Are your nurses current on infusion therapy?
Here's what they should know
For many home care nurses, learning about infusion therapy is a little like taking organic chemistry: a chore one groans about.
Yet, learning about infusion therapy is just as necessary since increasing numbers of hospitals are sending home patients who have catheters.
"The hospitals are just discharging patients earlier, and they still have their IV, so we have to finish up their course of therapy," says Susan Shrecengost, RN, staff development and education coordinator for Clarion Forest Visiting Nurse Association in Knox, PA. The full-service agency serves a rural area in mid-to-northwest Pennsylvania.
Clarion Forest Visiting Nurse had a hospital nurse, Jane Deeter, RN, at Clarion (PA) Hospital, conduct an inservice on Mediports. Also, the agency uses a model of a human chest to demonstrate the various IV ports, Shrecengost says.
Bayfront Home Health of St. Petersburg, FL, has established a standing protocol for the care of all IVs, including peripheral lines, midlines, triple lumens or central lines, implantable ports, and others, says Claire Malczyk, RN, BSN, PHN, quality improvement coordinator for the hospital-affiliated agency, which covers most of the peninsula around St. Petersburg.
"We had a problem with nurses doing IVs too infrequently and with the agency not having an IV team," Malczyk says. "So basically what we did is establish a protocol." (See IV protocol, p. 74.)
Bayfront also developed an IV intake order sheet that has all physician orders. (See IV medication administration physician's orders, p. 83.)
The IV protocol now is part of the agency's admission packet to go out with all IV teaching tools, says Michelle Barlow, RN, BSN, Bayfront manager.
"The tool makes it a lot easier for the nurses out in the field," Barlow says. "We tried to take the guessing game out of caring for the IV patient population by giving nurses all the tools they needed to pull the full picture together."
Before the tool was developed, the nurses had to hand write everything, Barlow adds. "Now all they have to do is look at the order form, and they can go through and check what's applicable."
Bayfront provided small group inservices for nurses to discuss the new forms and how they should use them, Malczyk says.
Clarion Forest Visiting Nurse's IV training for nurses during their orientation includes placing nurses with as many IV patients as possible so their skills can be checked, Shrecengost says. (See Clarion Forest's infusaport competency, p. 84.)
"Our IV cases used to be pretty few and far between, so it's good to have reviews periodically, to keep nurses current," Shrecengost adds.
The training partly involves having home care nurses watch hospital nurses handle infusion therapy, says Deeter, who is a head nurse of the special procedures unit for Clarion Hospital.
If your agency needs to begin regular IV training, Deeter recommends you focus on these areas:
· Accessing ports. It takes a minimum of three times to learn how to access these ports, Deeter states. Nurses first can observe a nurse accessing a port, and then they will be assisted with accessing a port, and finally they can access one port on their own while being observed, Deeter says.
Accessing ports can be tricky because nurses must learn to put the needle through the skin to the top part of the port, which is between the size of a dime and a nickel, Deeter says. "They're not always easy to feel, depending on the size of the patient and how much subcutaneous fat overlaps the port."
· Discontinuing needles in infusaports. Nurses need to learn how to handle a needle in an infusaport, Deeter notes.
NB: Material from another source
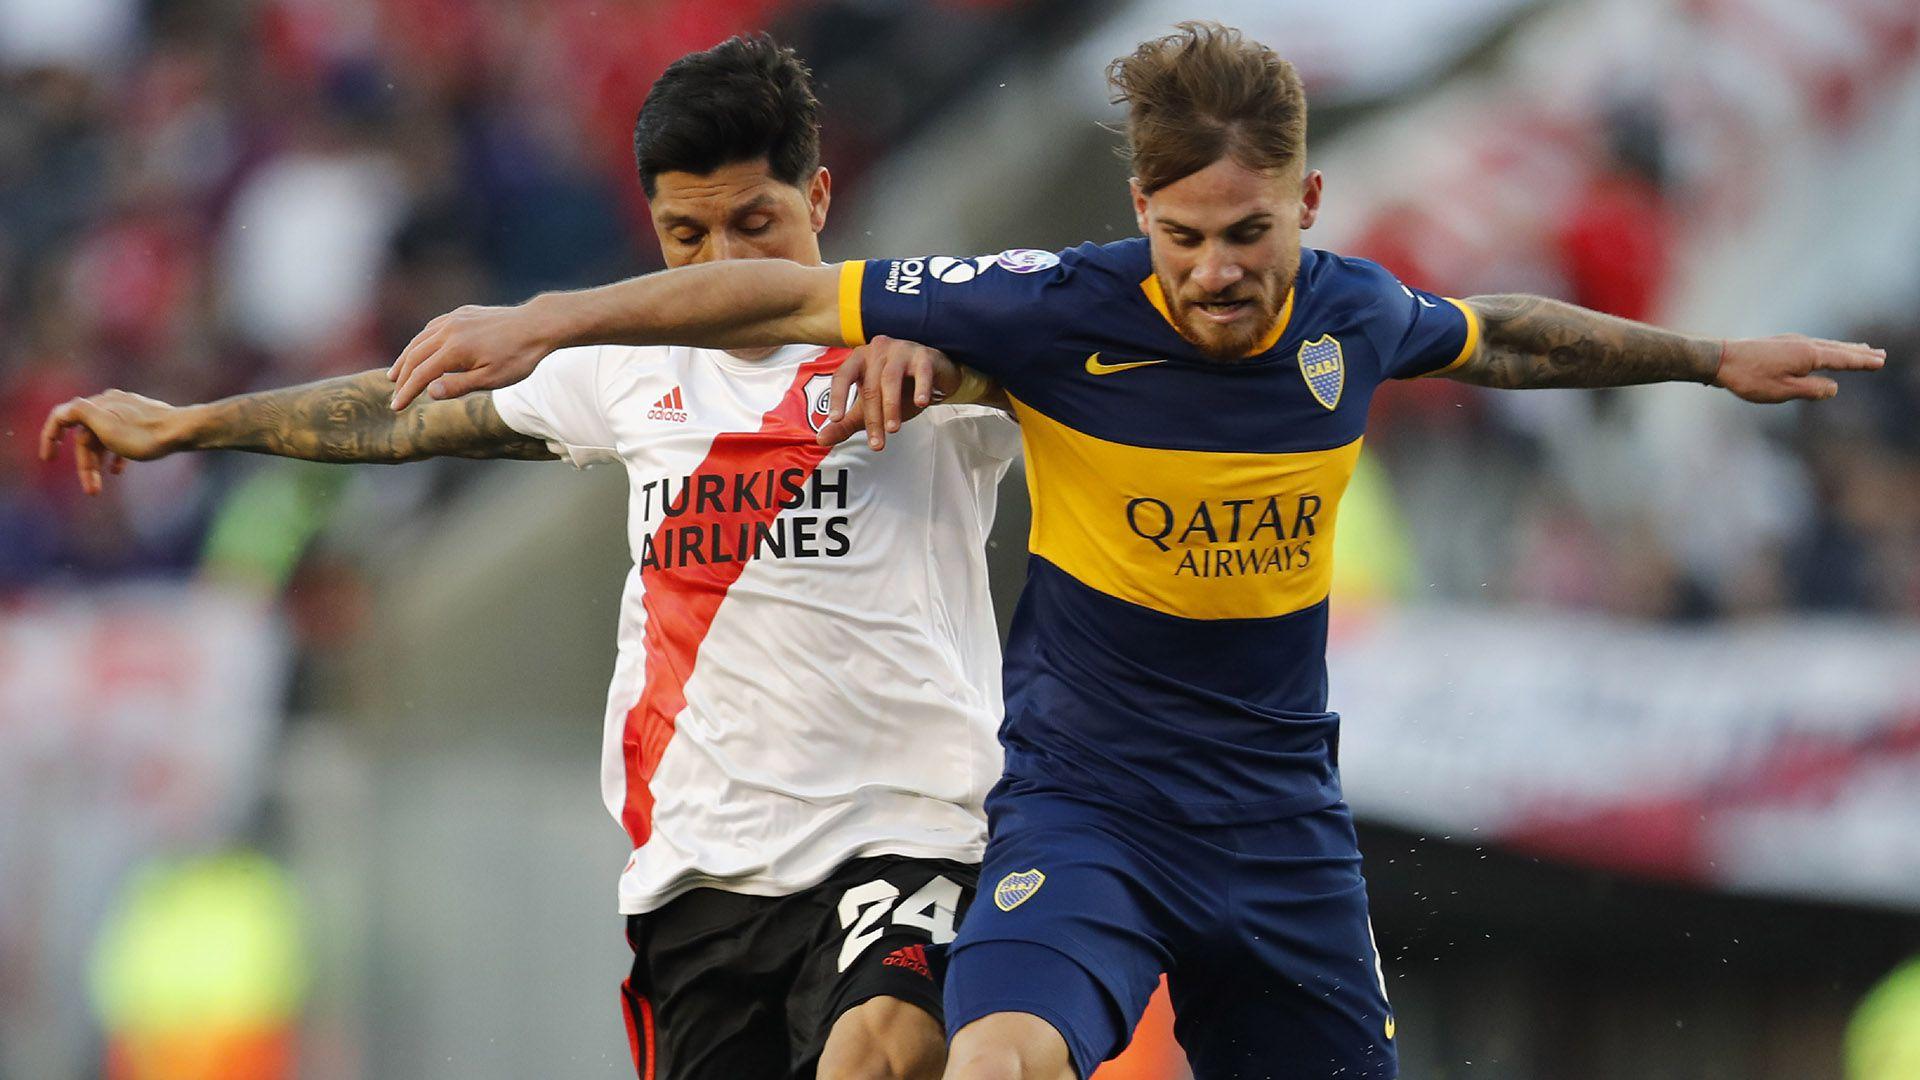 La solidez de Enzo Pérez y el despliegue de Alexis Mac Allister fue de lo mejor del partido, sin dudas las figuras de cada equipo

"It looks like the head of a stethoscope that's threaded into the subclavian vein in the upper part of the chest," Deeter says.
Her chief advice is that the nurse make sure the needle is flushed with Heparin and removed from the port. "It's very important these ports are flushed with Heparin."
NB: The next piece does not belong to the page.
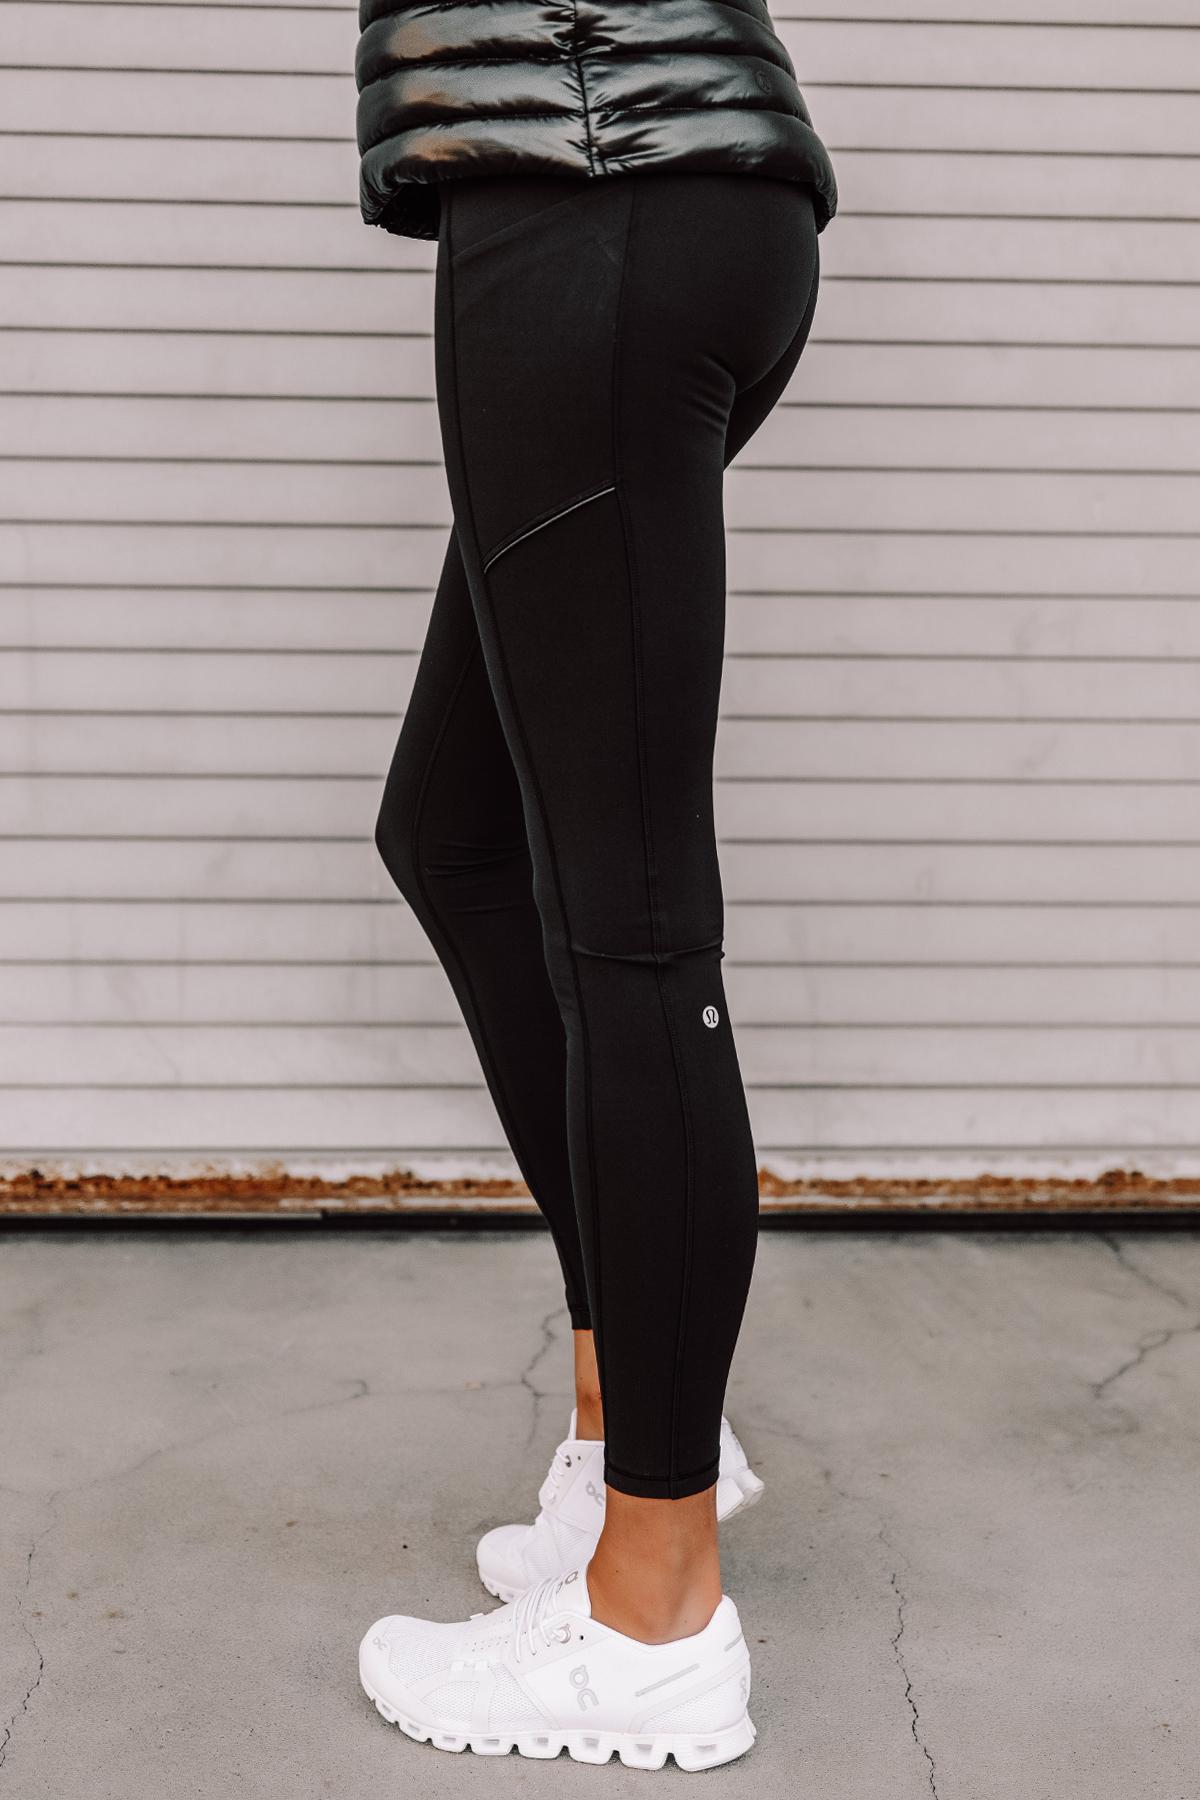 Fashion Jackson Wearing lululemon Speed Up Leggings

· Handling problems. Deeter once handled a home care case in which a patient made it very difficult for nurses to take care of his port, and this in turn upset the patient's physicians.
"We ended up teaching the wife how to do it because he was a real stinker and was pulling the needle out and saying it was never in," Deeter comments, adding that she was brought into the case to teach the wife.
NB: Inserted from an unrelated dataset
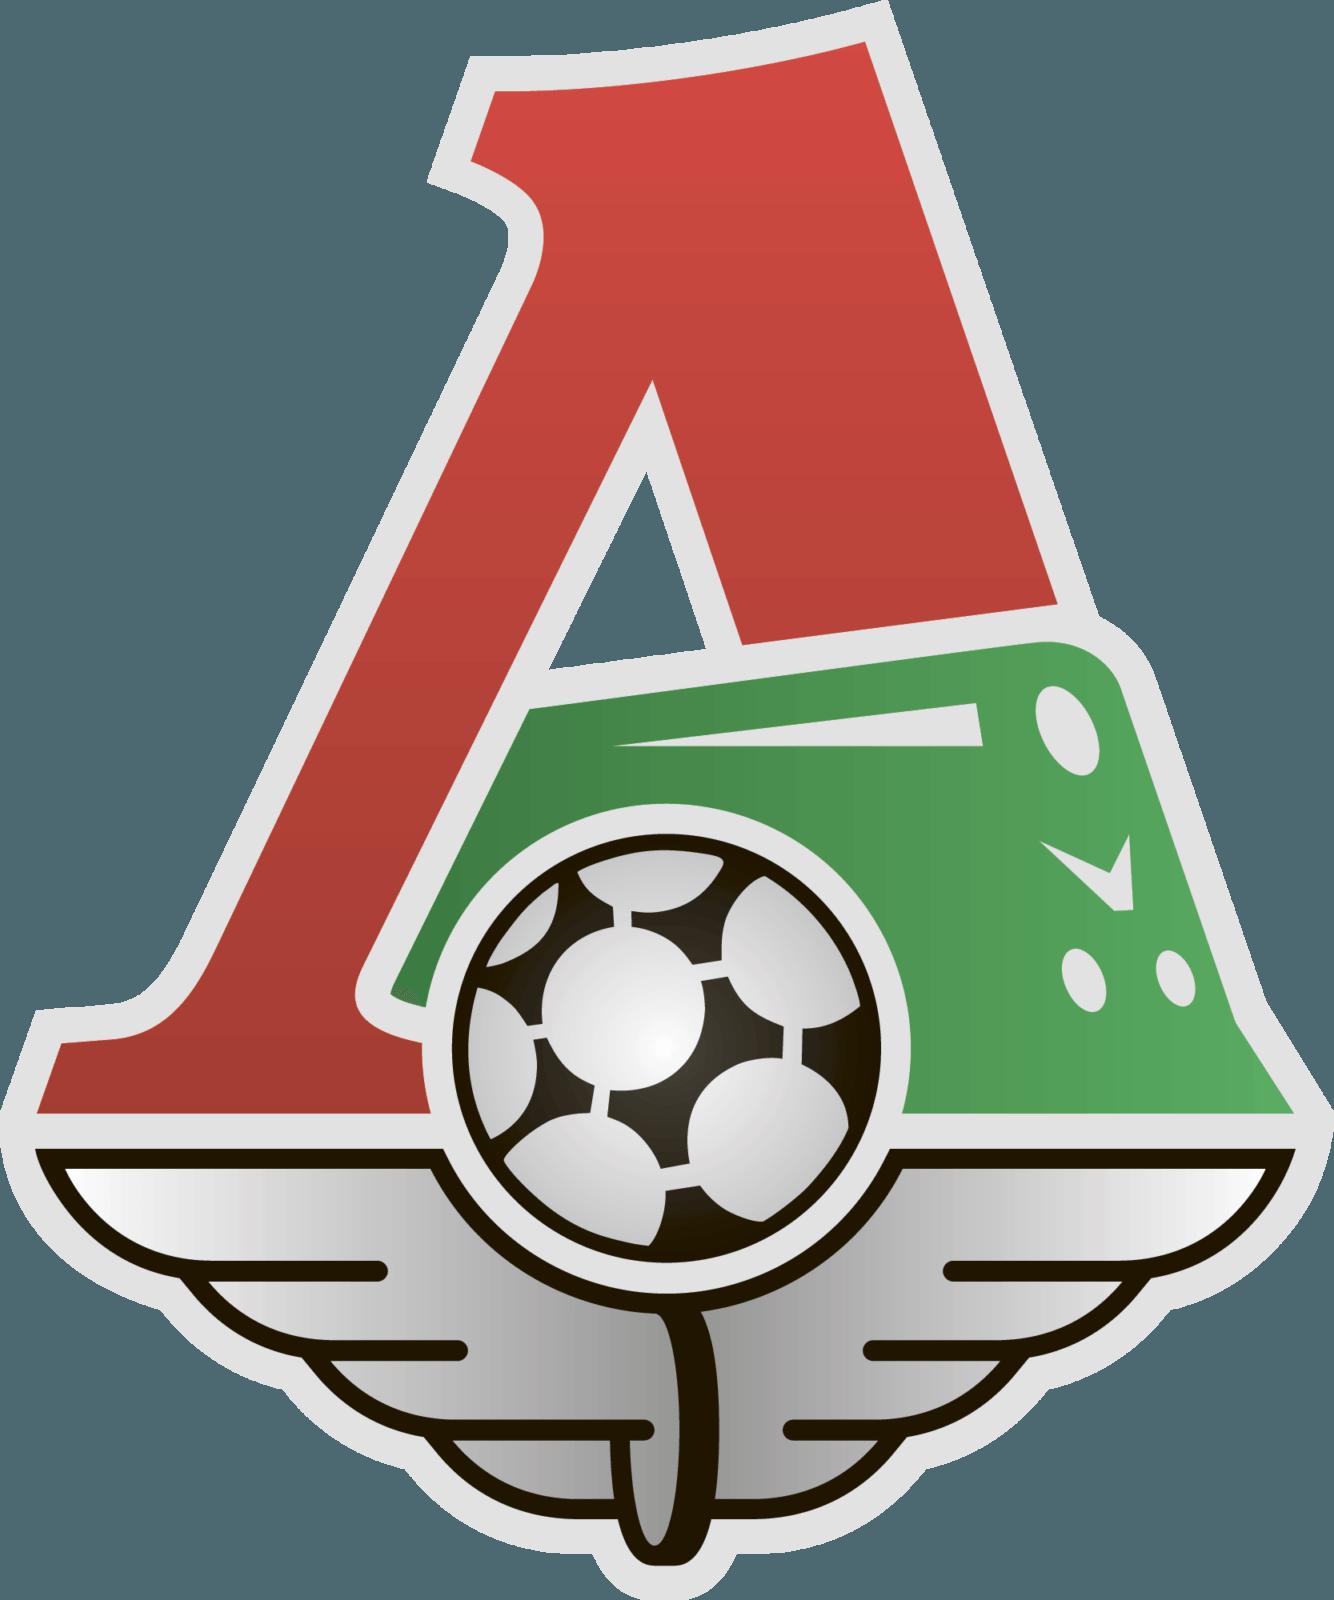 Логотип Локомотива

Deeter also teaches nurses how to position patients to obtain a blood return when pulling the needle back. That means the port is in the right place in the vein so the nurse can inject medication through it.
"If you aren't getting a blood return, then have the patient turn from side-to-side, and have him cough," Deeter suggests. "The port could have slipped out of the vein, but that doesn't happen very often."
Sometimes, ports could be pushed up against the wall of a vein, so when the nurse pulls back to aspirate the blood, the port is up against the wall, and it won't let any blood come back, Deeter explains. "Push it, and sometimes that will do it, and it will float into the vein again."
Another problem involves rotating sites by a centimeter or so. The spots for inserting needles should be changed every 72 hours, rotating like positions on a clock at 12 o'clock, 3 o'clock , 6 o'clock , 9 o'clock, and in the middle, Deeter says.
"You change spots just so you're not infecting the patient by putting it in the same hole," Deeter says. "You could be pushing bacteria down into the port, and they could get the port infected from it."